Mahkememizce tarafların itirazlarının karşılanması ile dosyaya yansıyan beyanlardan anlaşıldığı üzere çekler nedeniyle davacı tarafça banka ve keşideciden alınan ödemelerin alternatifli olarak icra dosyası ile mukayese edilerek var ise davacının talep edebileceği alacağın tespiti amacıyla ek rapor alınarak konuya ilişkin 11/06/2020 tarihli ek rapor teminle dosyamız arasına alınmıştır.
Bilirkişiler anılı ek raporlarında özetle;
“Davaya konu (iki adet) Faktoring işlemi ile ilgili olmak üzere; Faktoring Sözleşmesi, Alacak Bildirim Formu – Fatura Fotokopileri, -Çek Senet Tevdi Bordrosu, Ödeme Talimatı, Ödeme dekontu ve İskonto Ön Ödeme Çalışmaları sunulmuş olup; taraflar arasında, 27.08.2014 tarihli ve 500.000,-TL limitli bir Faktoring Sözleşme sinin akdedildiği, görülmüştür.
Davacı tarafın 28.08.2017 tarihli ALACAK BİLDİRİM FORMU ekinde, (davacı) Faktoring müşterisi … – … tarafından … İnş Ltd Şti e kesilen 10.08.2017 – … tarih ve sayılı 34.644,81 TL lık faturanın 30.000,-TL lık kısmının … Faktoring AŞ ne temlik edildiği, Faturanın temlik alınan 30.000,-TL lık kısmının bedelini karşıla yacak olan; keşidecisi … İnş Ltd Şti -lehine keşide edileni (davacı) … – keşide tarihi 28.02.2017 – miktarı 30.000,-TL olan – … no.lu çekin ciro yoluyla (Ödeme Aracı Tevdi Bordrosu ile) Faktoring Şirketine devredildiği, Davalı … Şti tarafından Ön İskonto Ödeme Çalışmaları yapılarak (temlik alınan 30.000,-TL lık alacağa, 28.02.2018 olan çek vadesine uygun olarak, ortalama 186 gün vade üzerinden %31 faiz, %1 Komisyon, 25,-TL Çek masrafı, 108,09 Ek Masraf, %5 bsmv olmak üzere toplam 5.500,-TL lık bir kesinti ile) davacıya 28.08.2017 tarihi itibariyle (ödeme talimatında belirtilen hesabına) 24.500,-TL ödeme yapıldığı tespit edilmiştir.

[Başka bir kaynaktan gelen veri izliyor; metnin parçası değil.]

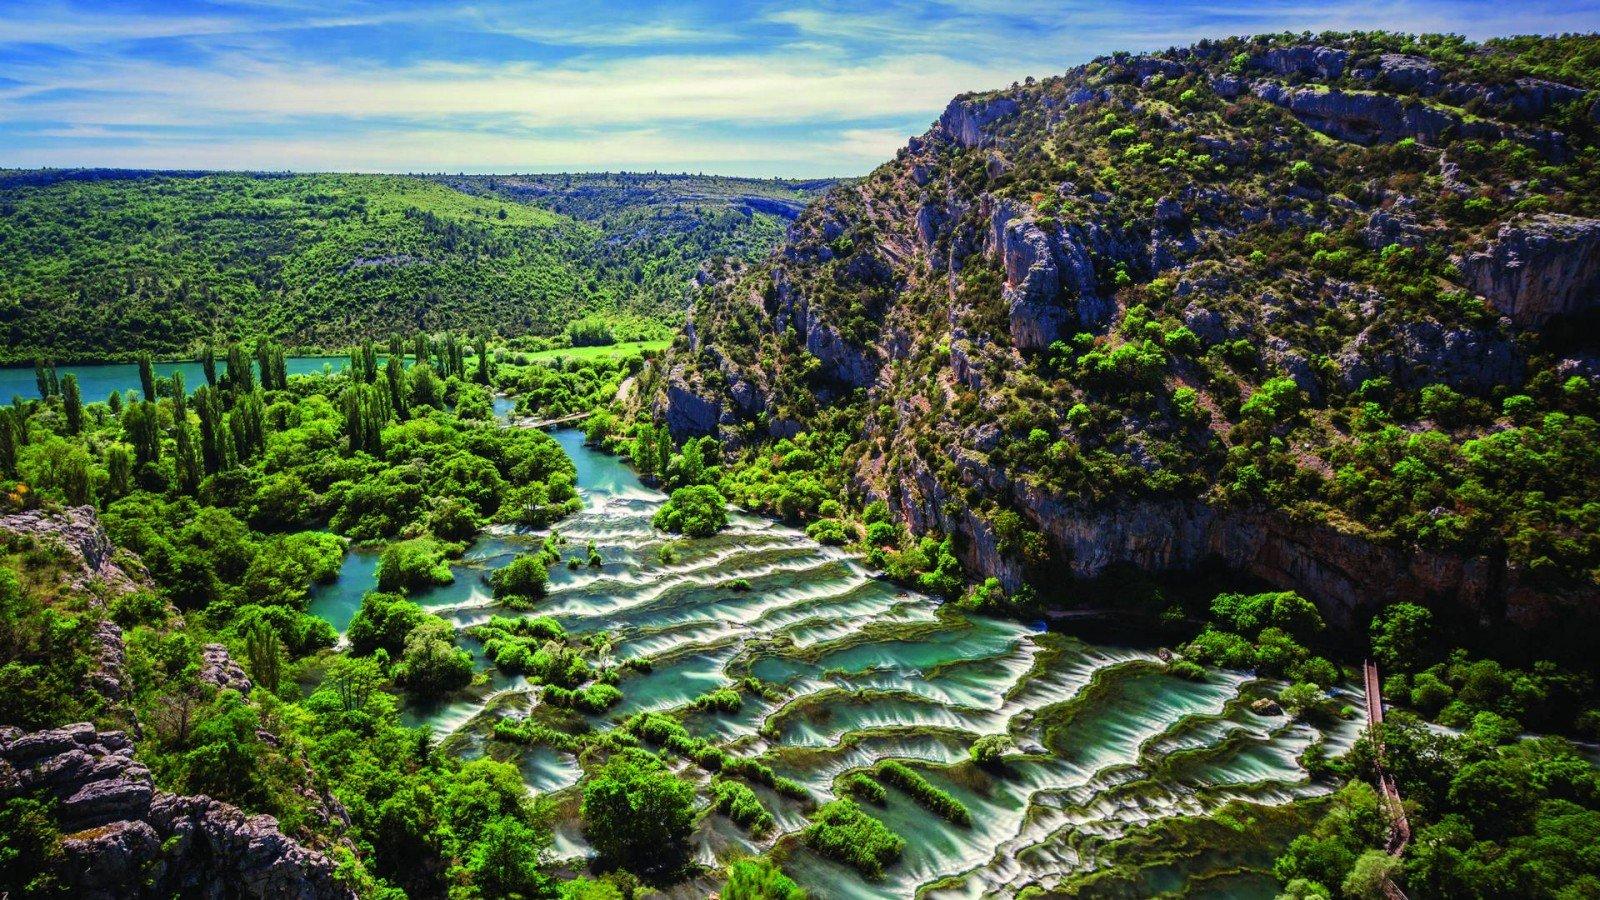 N.P. Krka Waterfalls, Šibenik & Primošten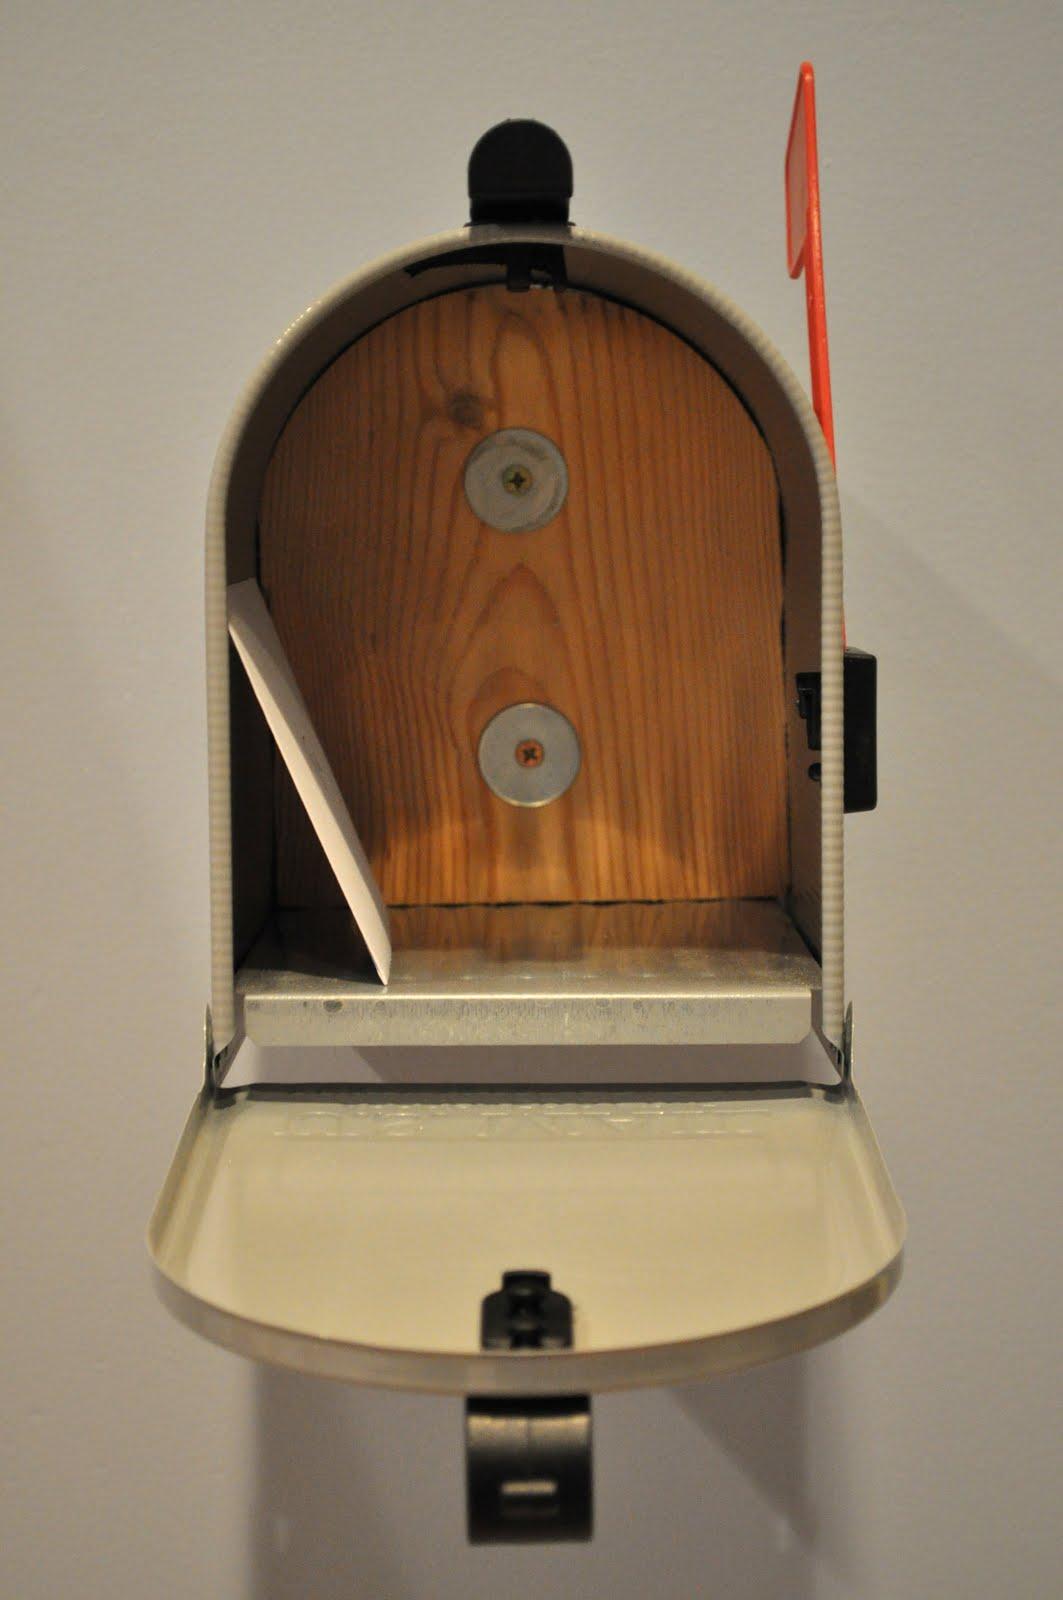 Built-In Playroom Wall Mailbox Design

Davacı tarafın 07.09.2017 tarihli ALACAK BİLDİRİM FORMU ekinde, (davacı) Faktoring müşterisi … – … tarafından …… İnş Ltd Şti e kesilen 22.08.2017 – … tarih ve sayılı 90.022,- TL lık faturanın 30.000,-TL lık kısmının … Faktoring AŞ ne temlik edildiği, Faturanın temlik alınan 30.000,-TL lık kısmının bedelini karşılayacak olan; keşidecisi …… İnş Ltd Şti -lehine keşide edileni (davacı) … – keşide tarihi 20.02.2018 – miktarı 30.000,-TL olan – … no.lu çekin ciro yoluyla (Ödeme Aracı Tevdi Bordrosu ile) Faktoring Şirketine devredildiği, Davalı … Şti tarafından Ön İskonto Ödeme Çalışmaları yapılarak (temlik alınan 30.000,-TL lık alacağa, 20.02.2018 olan çek vadesine uygun olarak, ortalama 168 gün vade üzerinden %30,50 faiz, %1 Komisyon, 25,-TL Çek masrafı, 11,29 Ek Masraf, %5 bsmv olmak üzere toplam 4.950,-TL lık bir kesinti ile) davacıya 07.09.2017 tarihi itibariyle (ödeme talimatında belirtilen hesabına) 25.050,-TL ödeme yapıldığı tespit edilmiştir.
Bu iki faktoring işleminden dolayı, davacının faktoring şirketine;
-28.08.2017 tarihli işlemden dolayı 30.000,-TL
-07.09.2017 tarihli işlemden dolayı 30.000,-TL olmak üzere toplam 60.000,-TL borçlandığı görülmektedir.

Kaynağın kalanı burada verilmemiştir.